Interest rates are low.
The typical historical range of the benchmark US 10-year treasury note has been 3% to 7% (though in 1980 it went as high as 12%). This year it has mostly been below 1%.
Instead of the usual 4% or 5%, mortgage rates are around 3%.
This is a result of expansive credit policies by the monetary authorities. Why? Because of the corona virus economic impact? Well, yes, but we’ve been in an era of expansive credit policies (“easy money”) for decades. Alan Greenspan started things going in that direction in 1999 when there was anxiety about the impact of Y2K. He stimulated the economy with more easy credit after the tech bubble burst in 2001. Then: a flood of money after the Great Financial Crisis of 2008; a deluge now with the pandemic recession.
“Hard money” economists have been voicing concern that all the easy credit and low interest rates will result in inflation. The increase in money circulating has been greater than any increases in production. More money chasing the same number of goods should result in inflation. But that has not been the case.
Consumer price inflation has been low. So where did the deluge of money go?

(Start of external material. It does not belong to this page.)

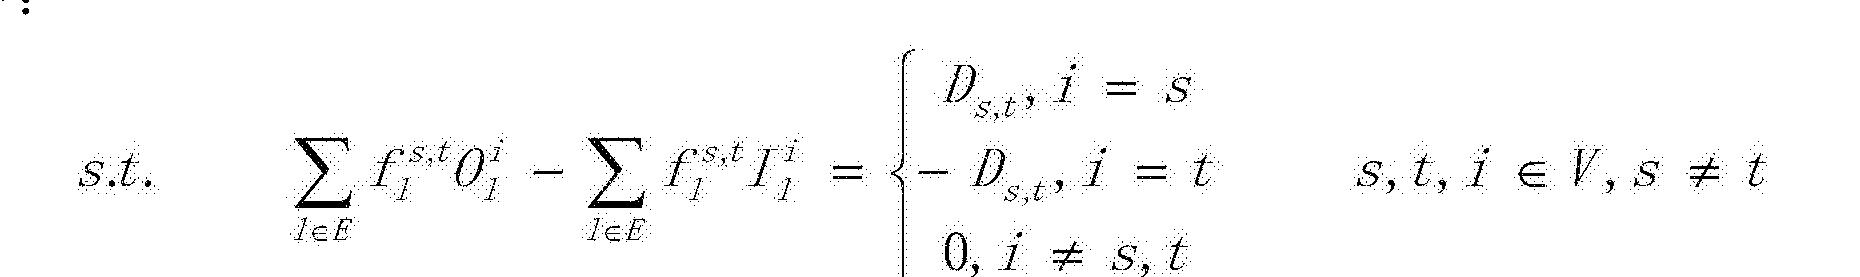 Figure CN103685011BC00022

It went into financial assets. Prices of stocks and bonds have soared.
There has been a lot of inflation, after all. The top 10% own the bulk of the outstanding financial assets. So they ain’t complaining. The middle classes have seen their 401(k)’s increase in value. So they’re not complaining. The rest of the population doesn’t much follow the financial markets, so they’re not particularly aware.
But the process is insidious. It does devalue the currency. And it exacerbates the egregious inequality that has become a hallmark of our times.